WHAT THE TASK REQUIRES: Only the lines from the one with "Simple DIY Spring" to the end of the listing below should be set down, exactly as written and without any pictures.

DATASET EXCERPT:
--- START ---

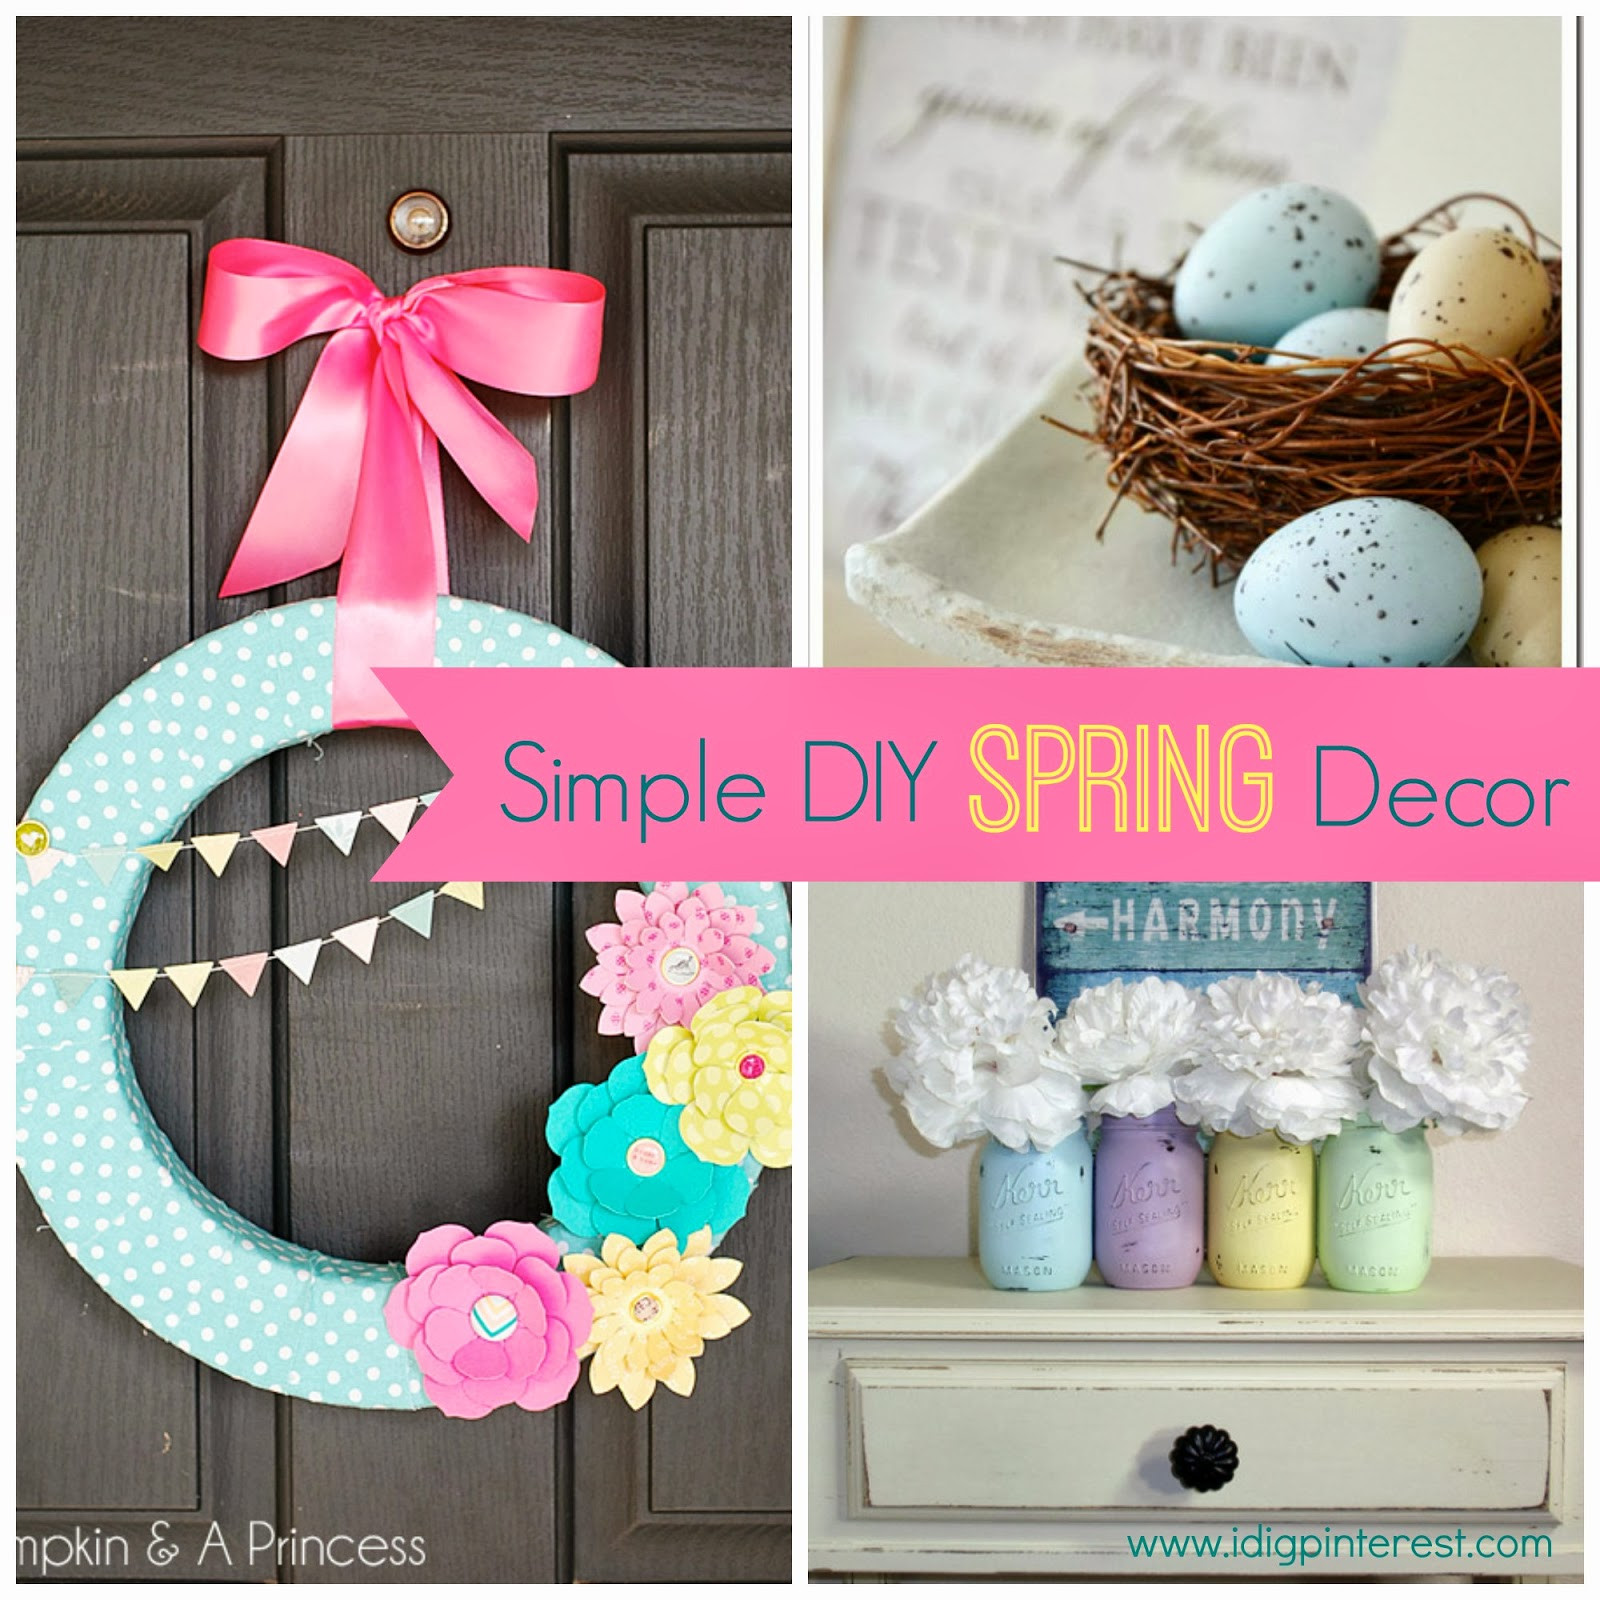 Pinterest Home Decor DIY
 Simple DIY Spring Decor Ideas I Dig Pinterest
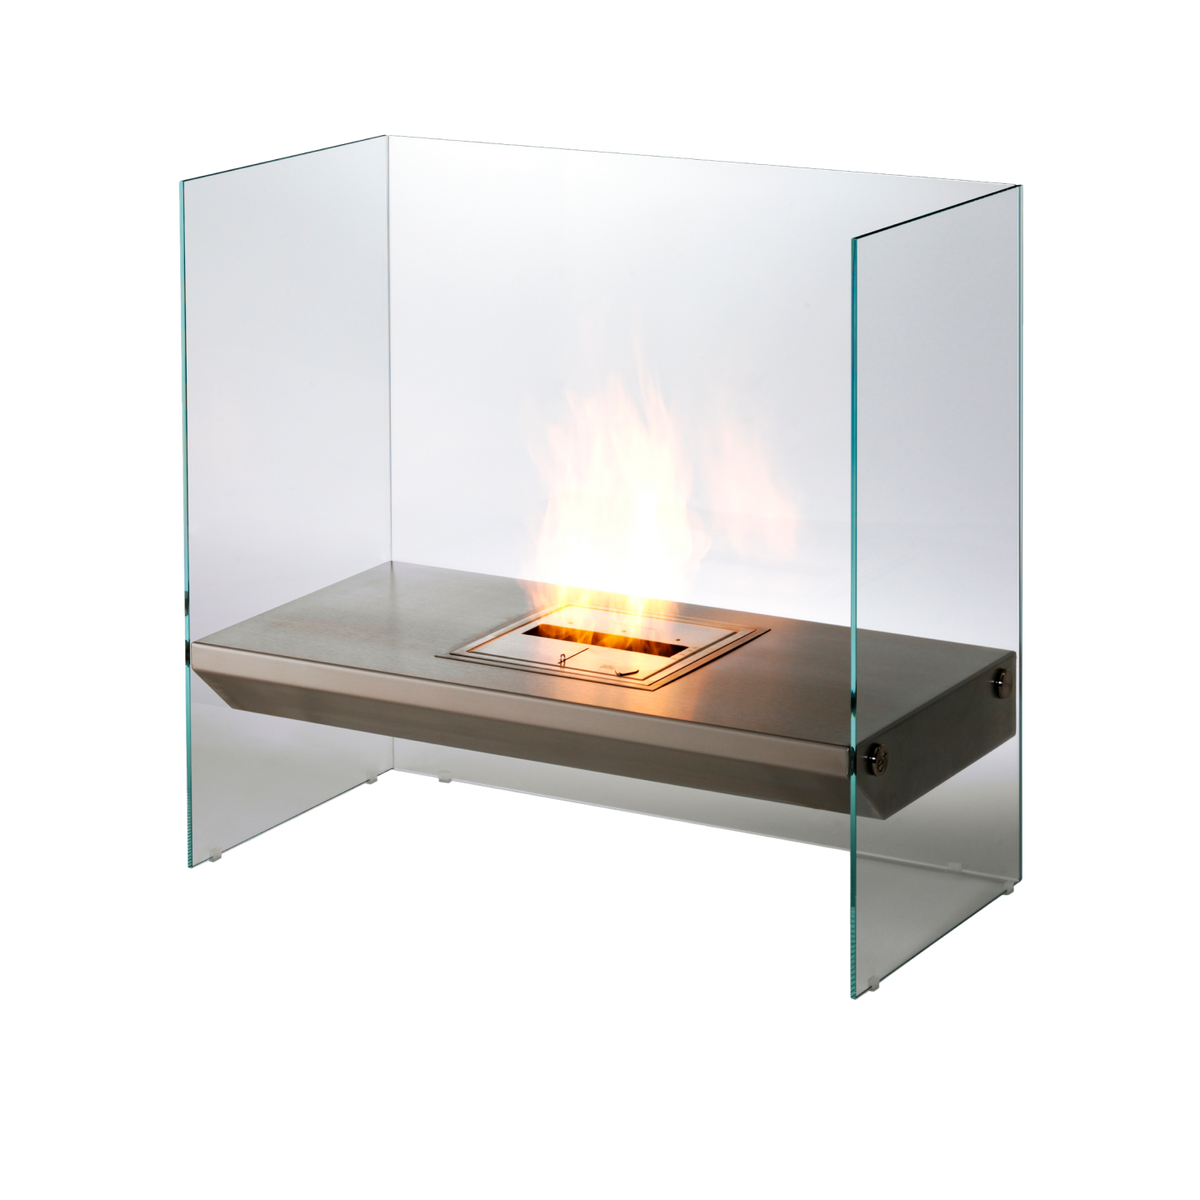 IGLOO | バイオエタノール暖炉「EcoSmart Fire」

--- END ---

WRITTEN SOLUTION:
 Simple DIY Spring Decor Ideas I Dig Pinterest
 IGLOO | バイオエタノール暖炉「EcoSmart Fire」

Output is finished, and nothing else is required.